Il solitario filosofo Guy Debord scoprì a metà dell’altro secolo che avremmo vissuto in una permanente “Società dello Spettacolo” governata sempre di più dal segreto, il segreto remoto del potere. Custodito dal perpetuo intrattenimento allestito per distrarci. Non poteva immaginare quanto ci saremmo spinti oltre. E che quel segreto un tempo esclusivo, si sarebbe dislocato nell’ovunque della Rete a portata di algoritmo. Saranno i buoni o i cattivi a scegliere quale segreto rivelare, quello del tassista evasore, del latitante in fuga o del ministro corrotto? Sì, è vero, mai come ora la democrazia è in pericolo. Segreti e ricatti sono la dieta preferita dalle democrature. E i complici, più ingenui che colpevoli, siamo tutti noi che abbiamo appeso le nostre vite dentro alle vetrine illuminate della Rete.

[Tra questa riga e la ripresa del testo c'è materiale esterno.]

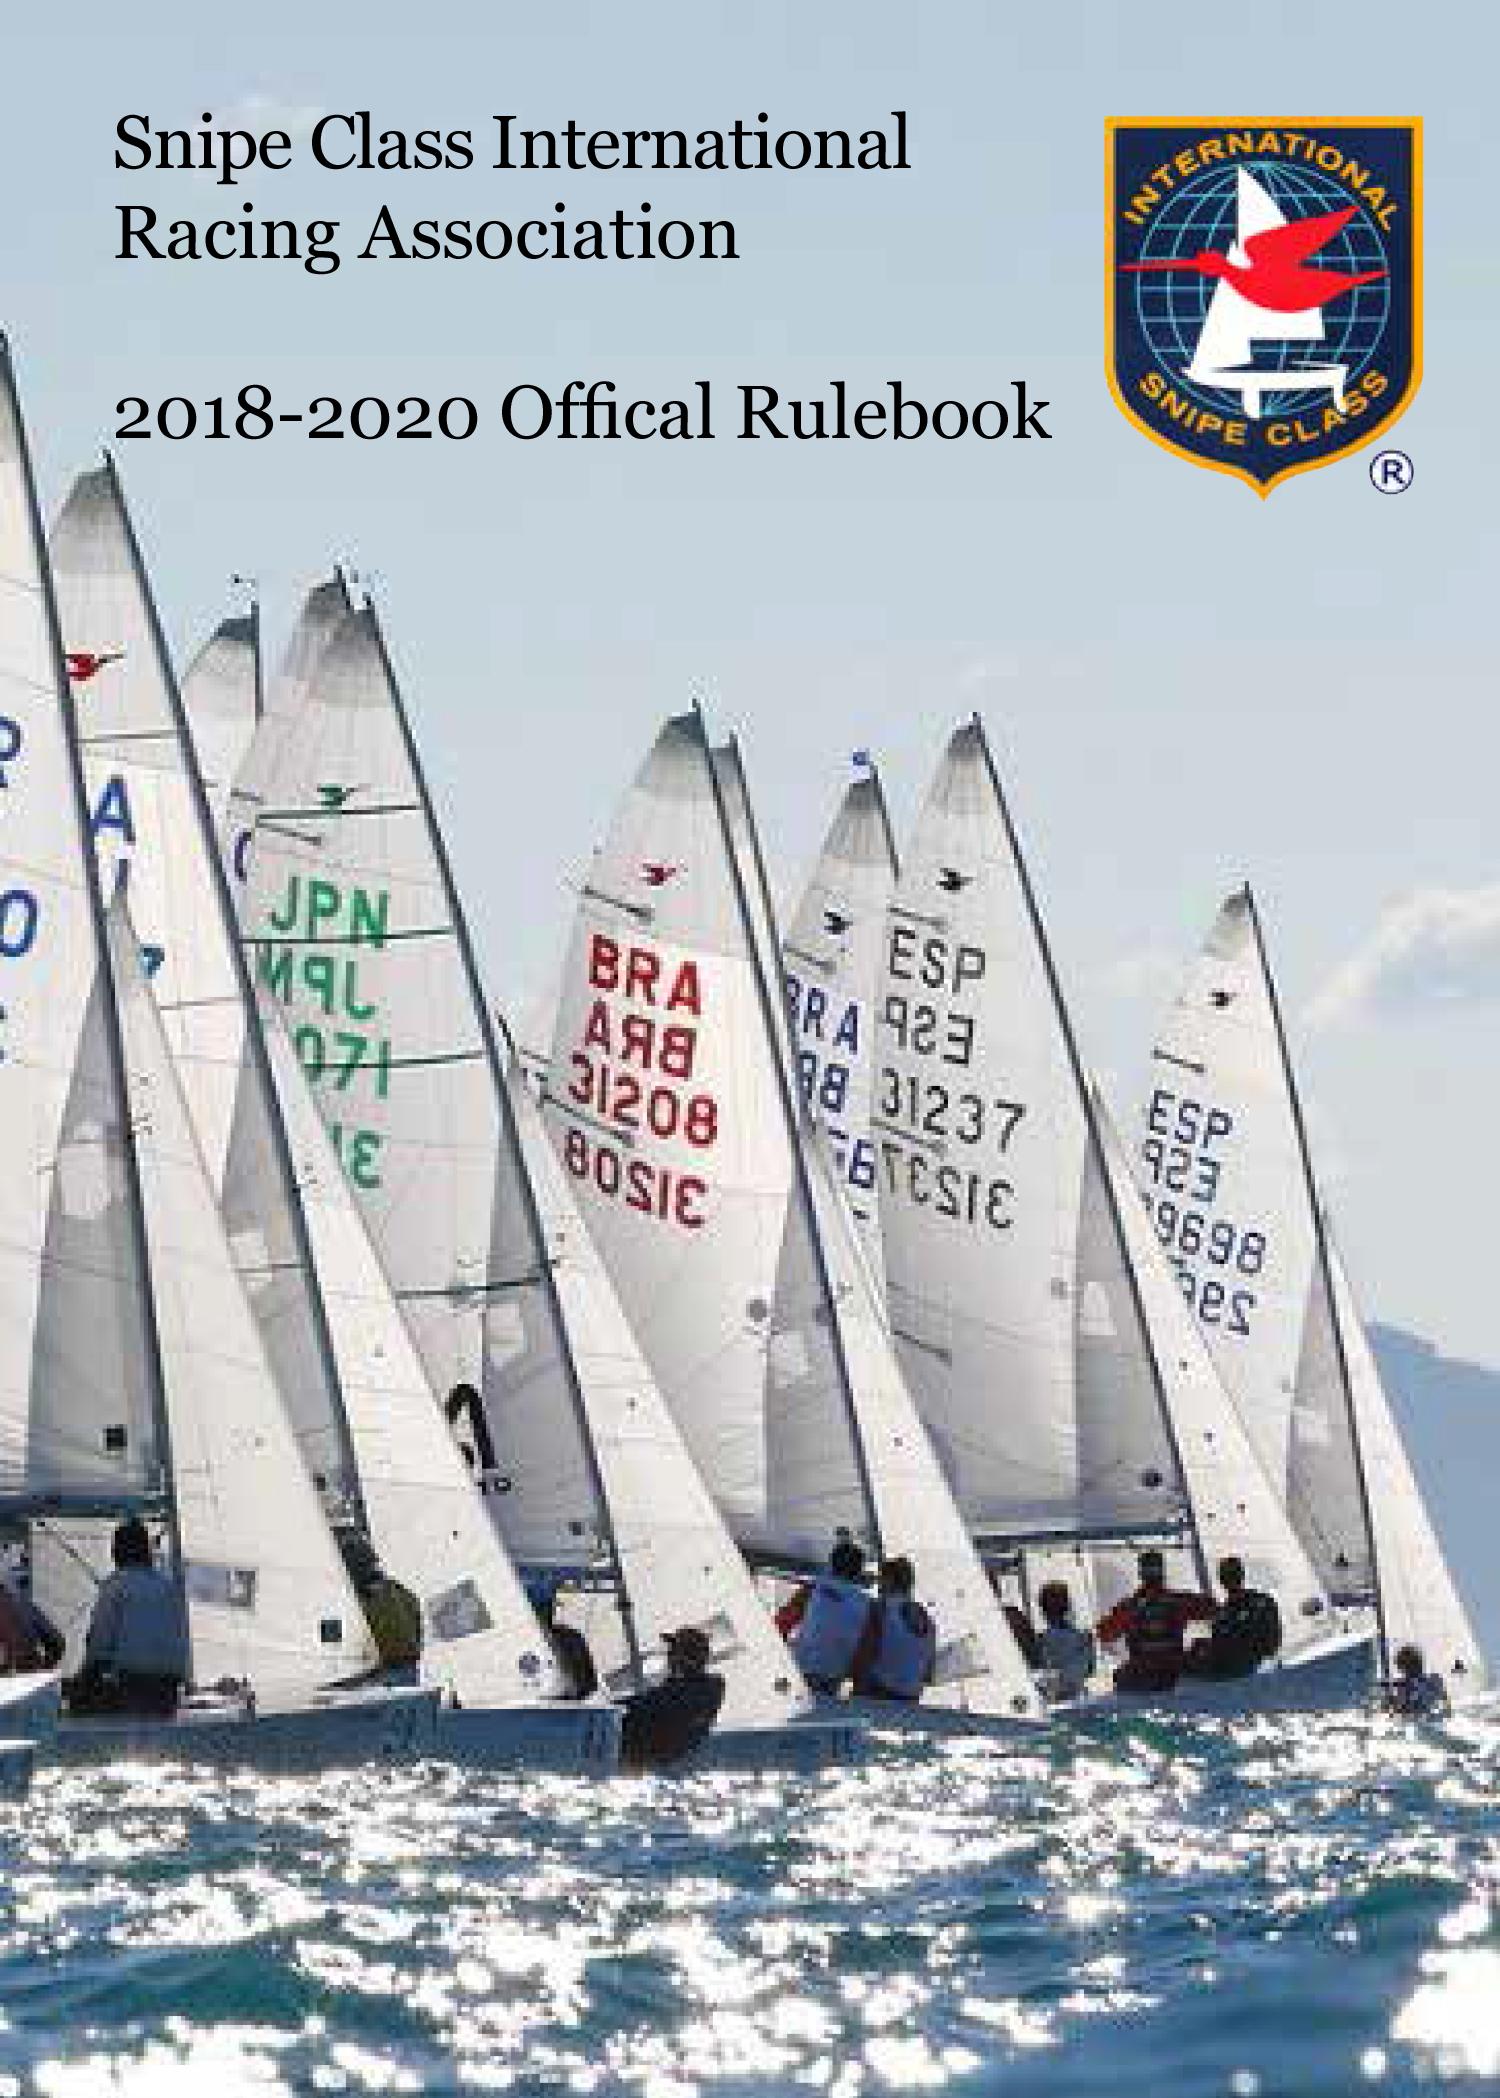 2018 2020SnipeRulebookDIGITAL Cover1

Credendoci protetti dal buio che invece abbiamo dissolto.
A me che mi intercettino non mi importa una s….. non ho nulla da nascondere.
Chi invece è preoccupato è quello che deve nascondere qualcosa,qualcosa di importante,di scomodo … e chi sono ?
Sono i politiici gli imprenditori disonesti,i mafiosi,i massoni e i delinquenti in genere che non rispettano la legge.
E i servizi segreti ? A che servono ? Servono ad essere segrteti per qualcuno e per altri no!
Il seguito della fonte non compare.